TASK PROMPT | Copy exactly, and only, the lines from the one with "Brilliant Cut 18K" to the end of the listing; omit pictures.

DATA SECTION |

━━━━━━━━━━

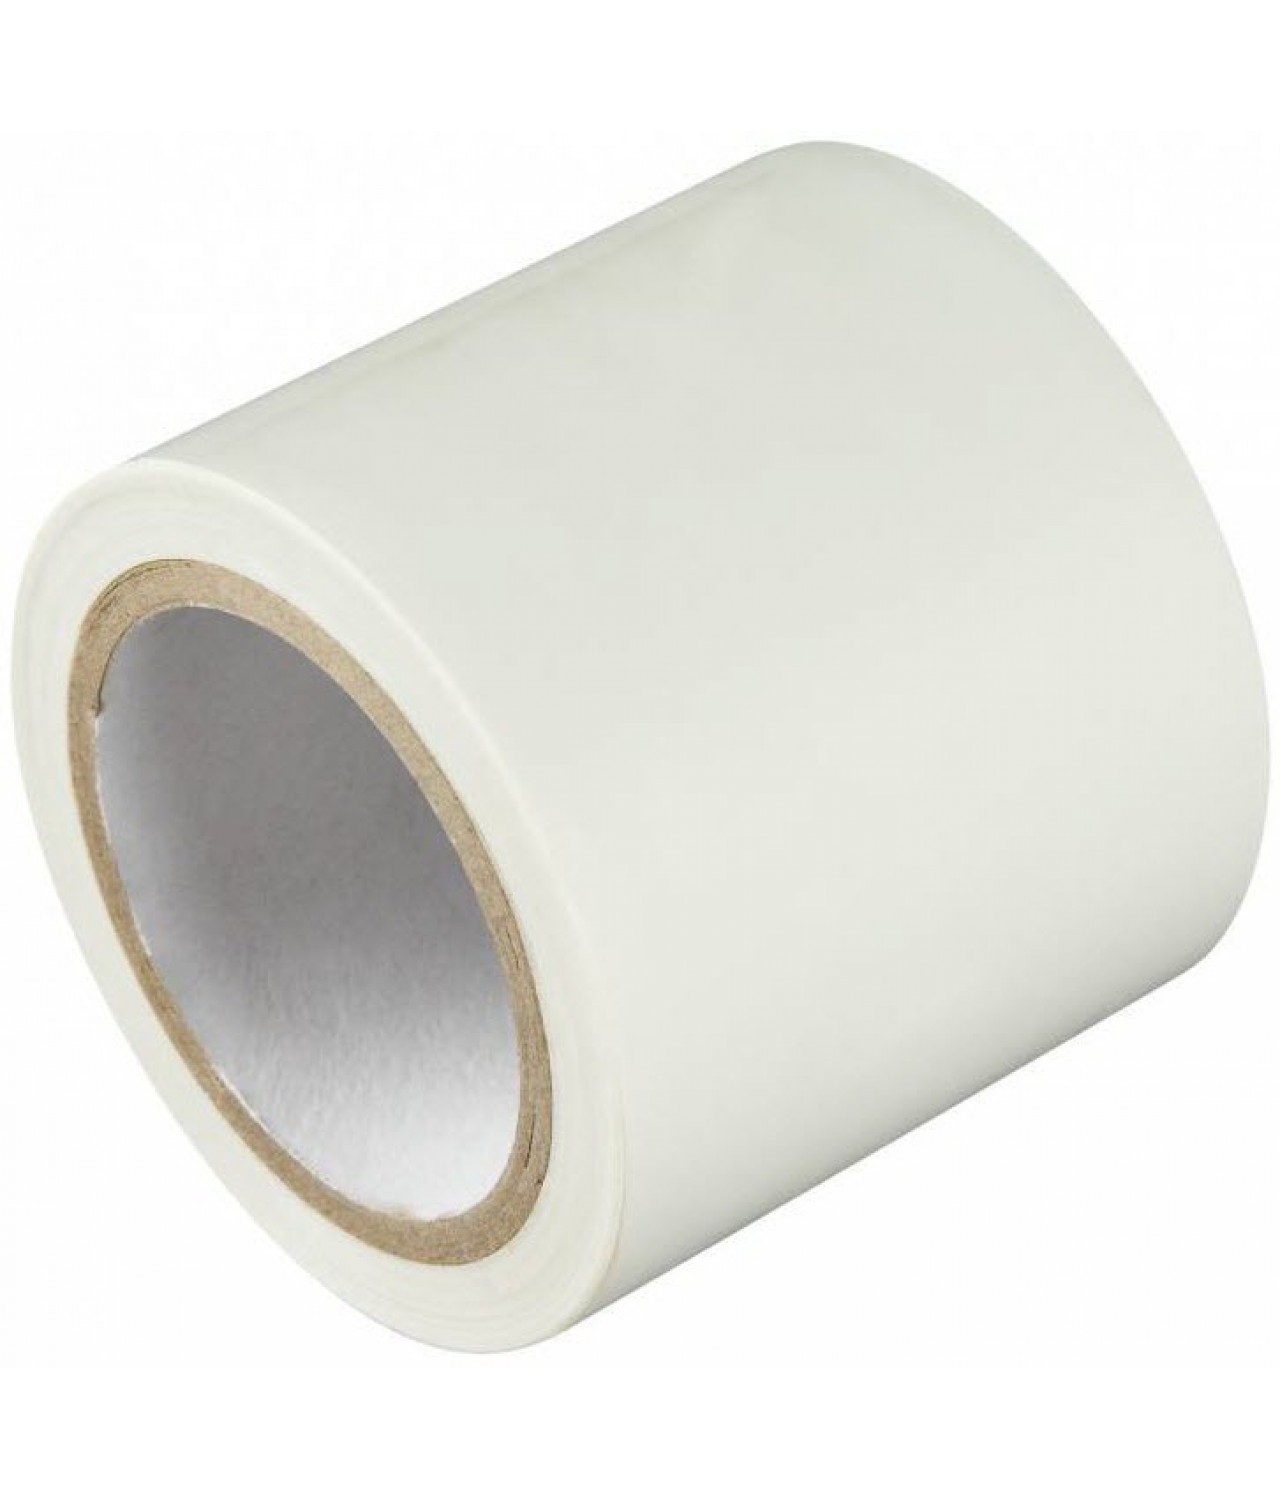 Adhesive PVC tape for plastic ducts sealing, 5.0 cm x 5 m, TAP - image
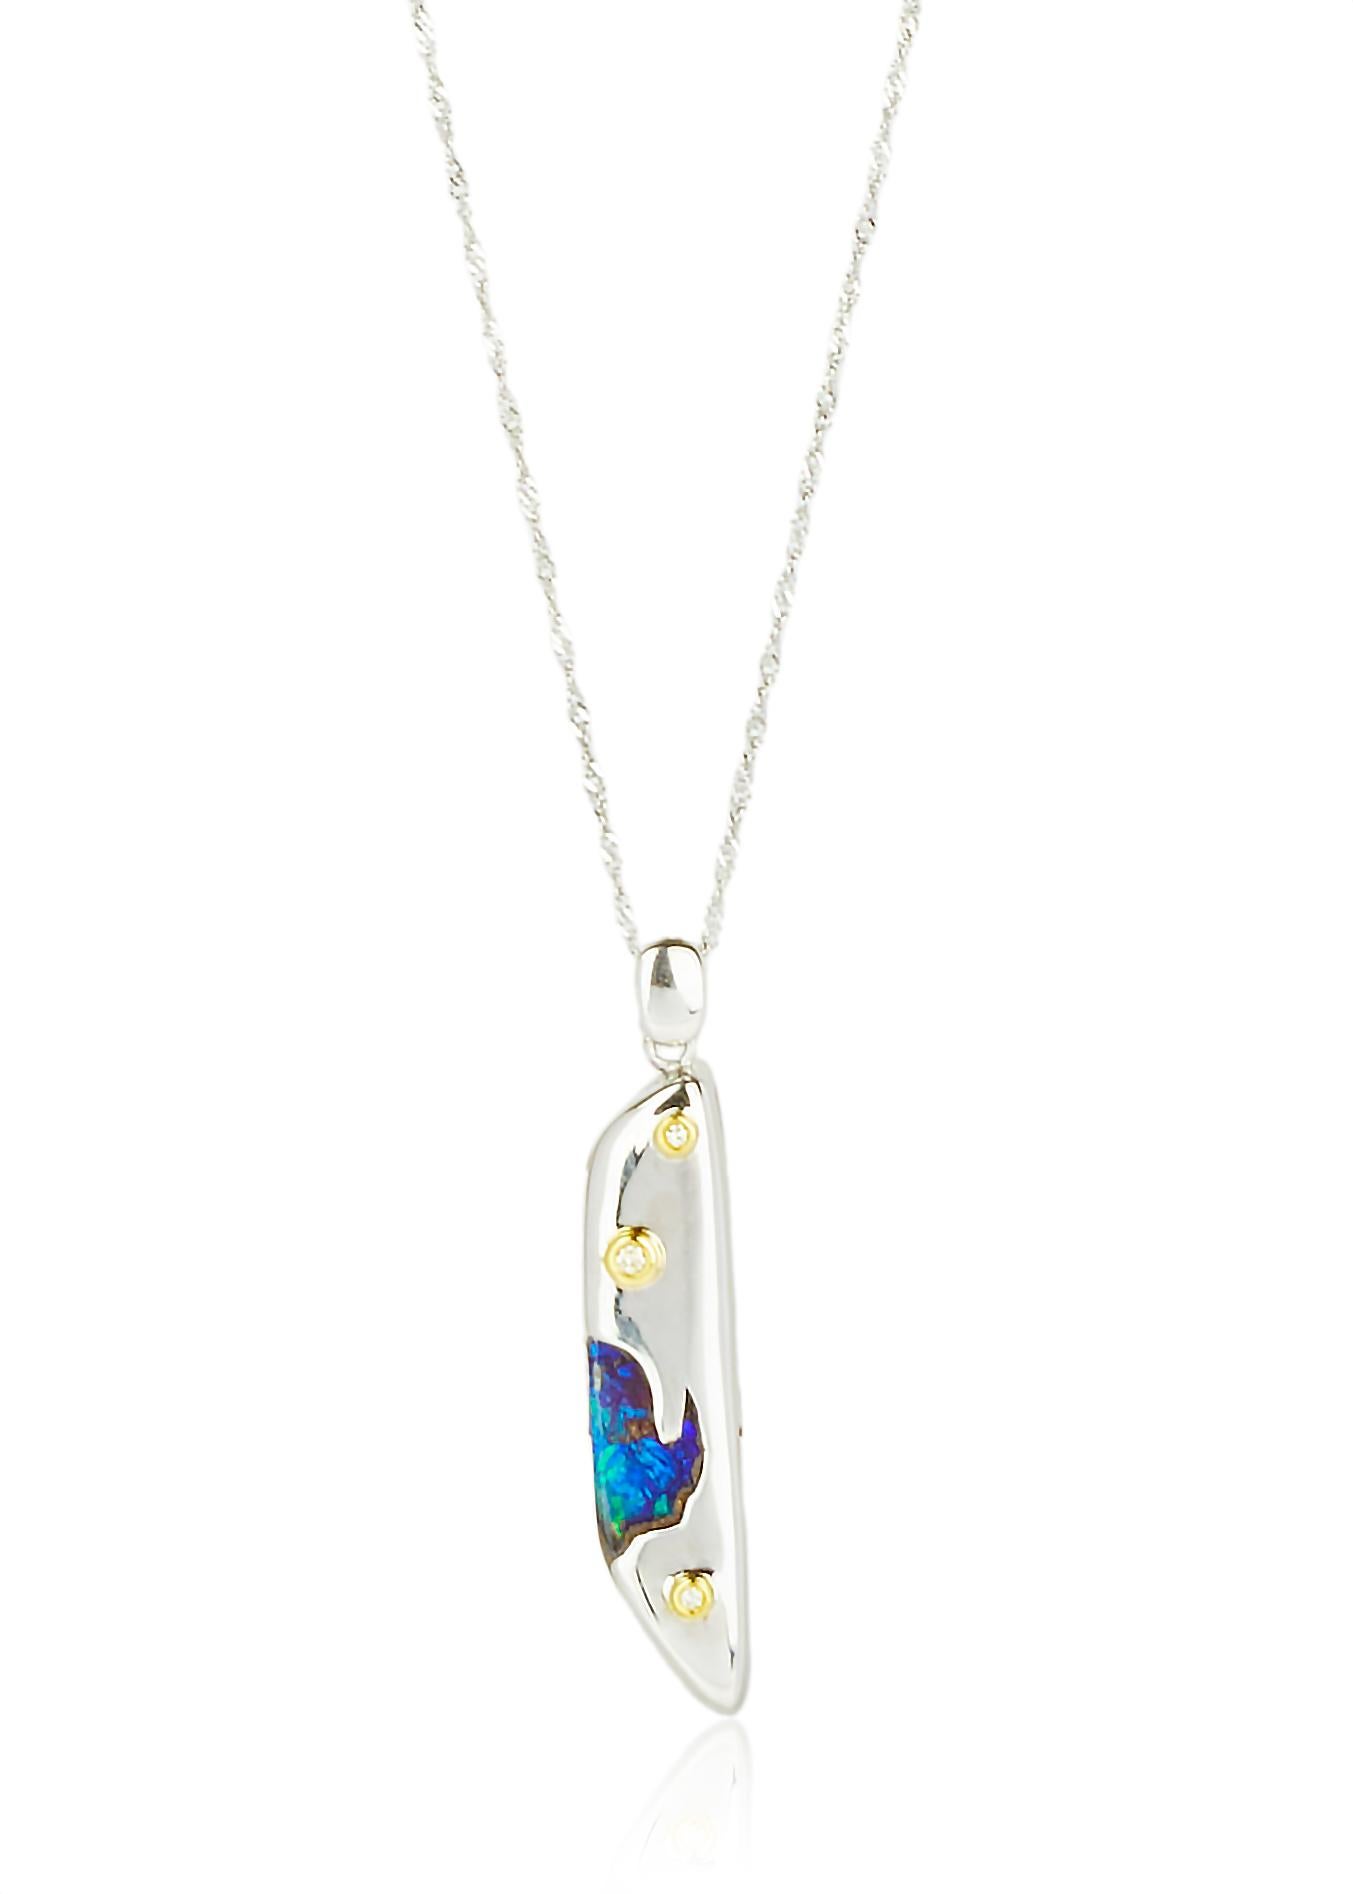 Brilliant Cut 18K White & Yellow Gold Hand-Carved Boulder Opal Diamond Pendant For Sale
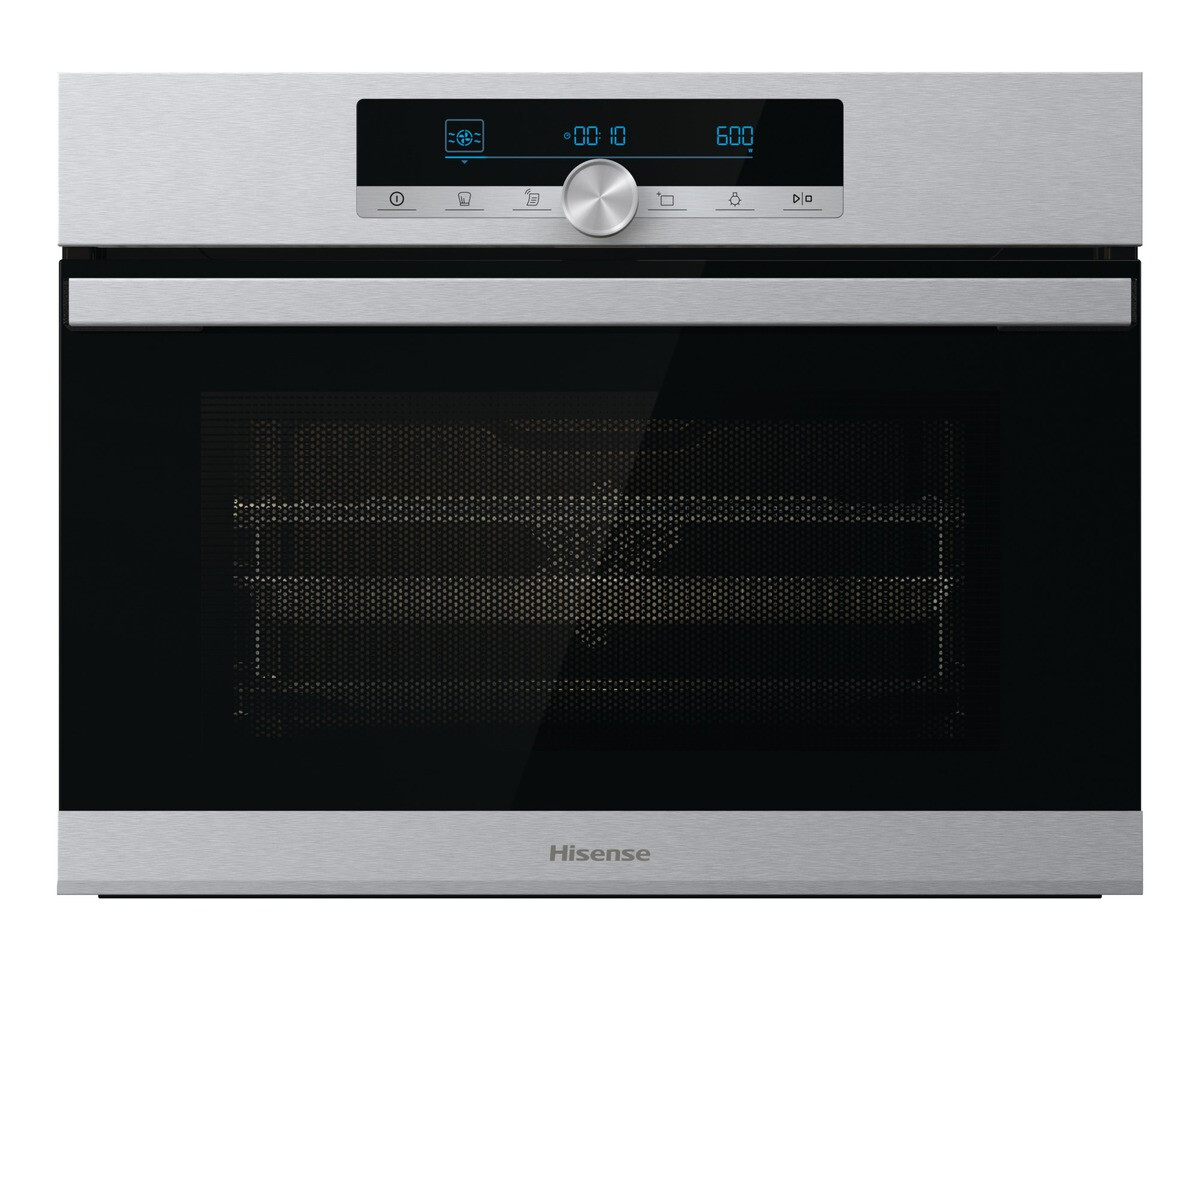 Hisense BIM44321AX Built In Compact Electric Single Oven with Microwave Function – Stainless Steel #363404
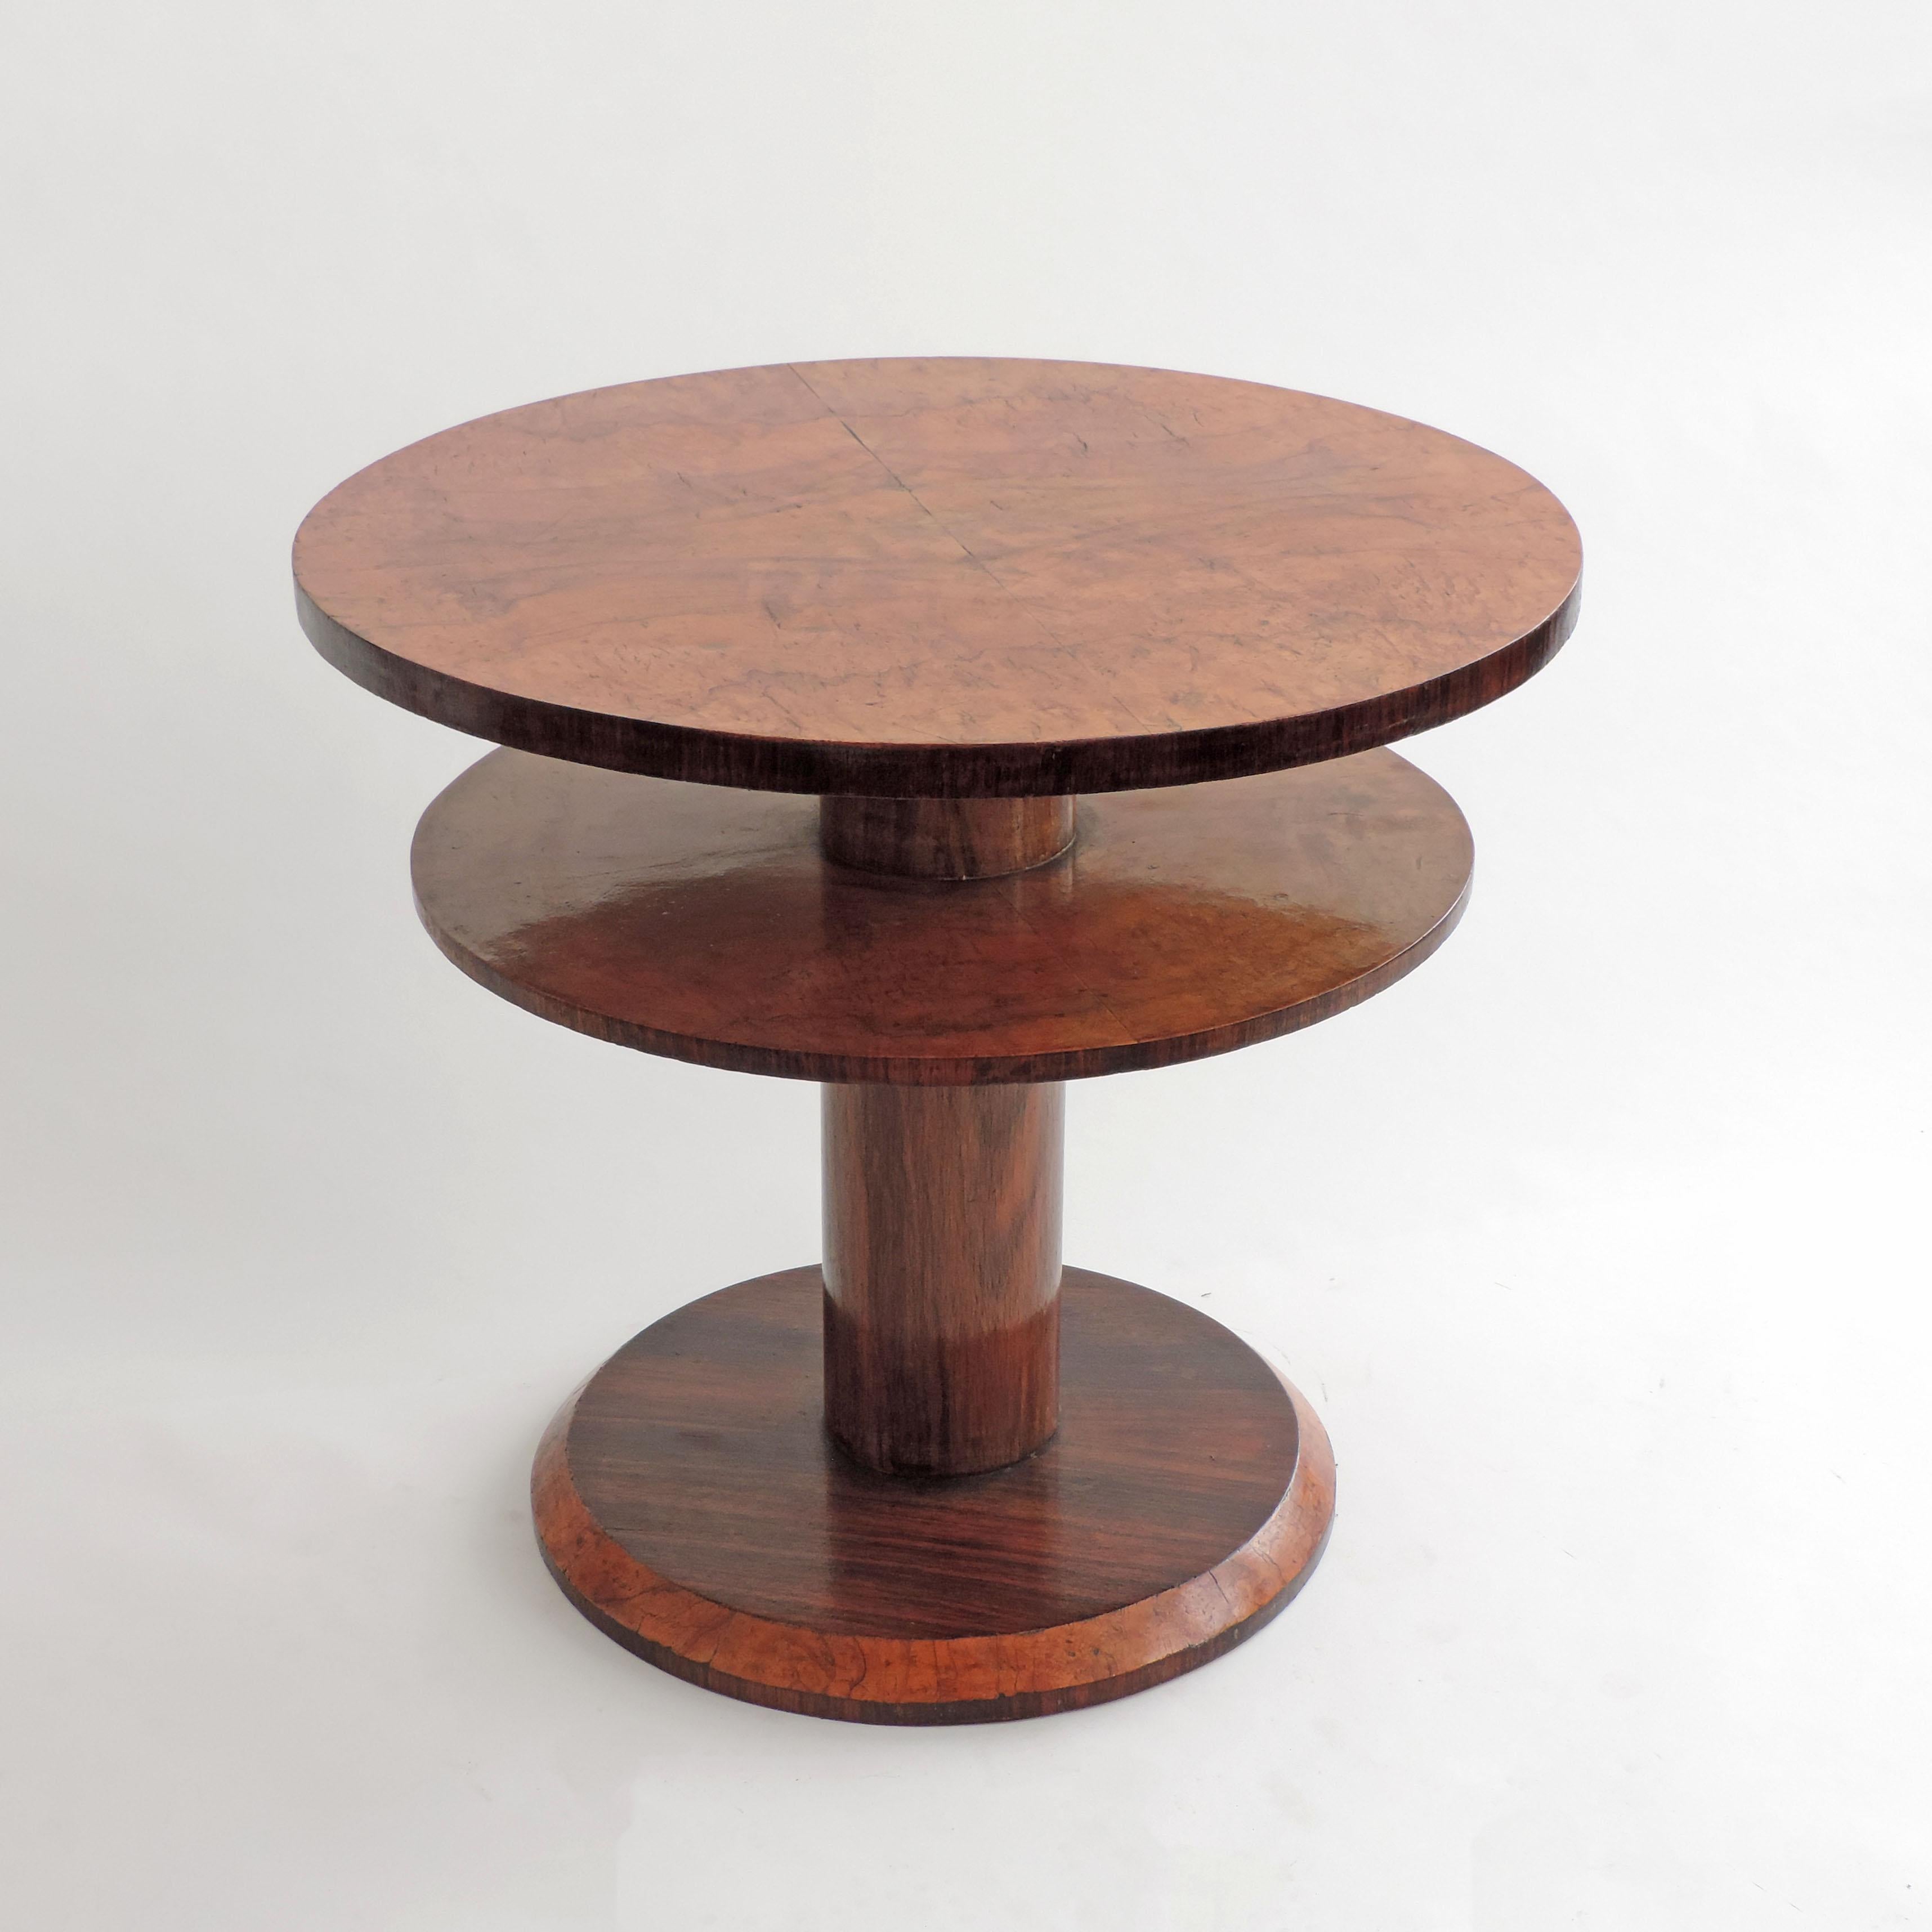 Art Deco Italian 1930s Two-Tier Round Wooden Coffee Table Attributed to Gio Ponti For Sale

━━━━━━━━━━

ANSWER BOX |
 Brilliant Cut 18K White & Yellow Gold Hand-Carved Boulder Opal Diamond Pendant For Sale
 Hisense BIM44321AX Built In Compact Electric Single Oven with Microwave Function – Stainless Steel #363404
 Art Deco Italian 1930s Two-Tier Round Wooden Coffee Table Attributed to Gio Ponti For Sale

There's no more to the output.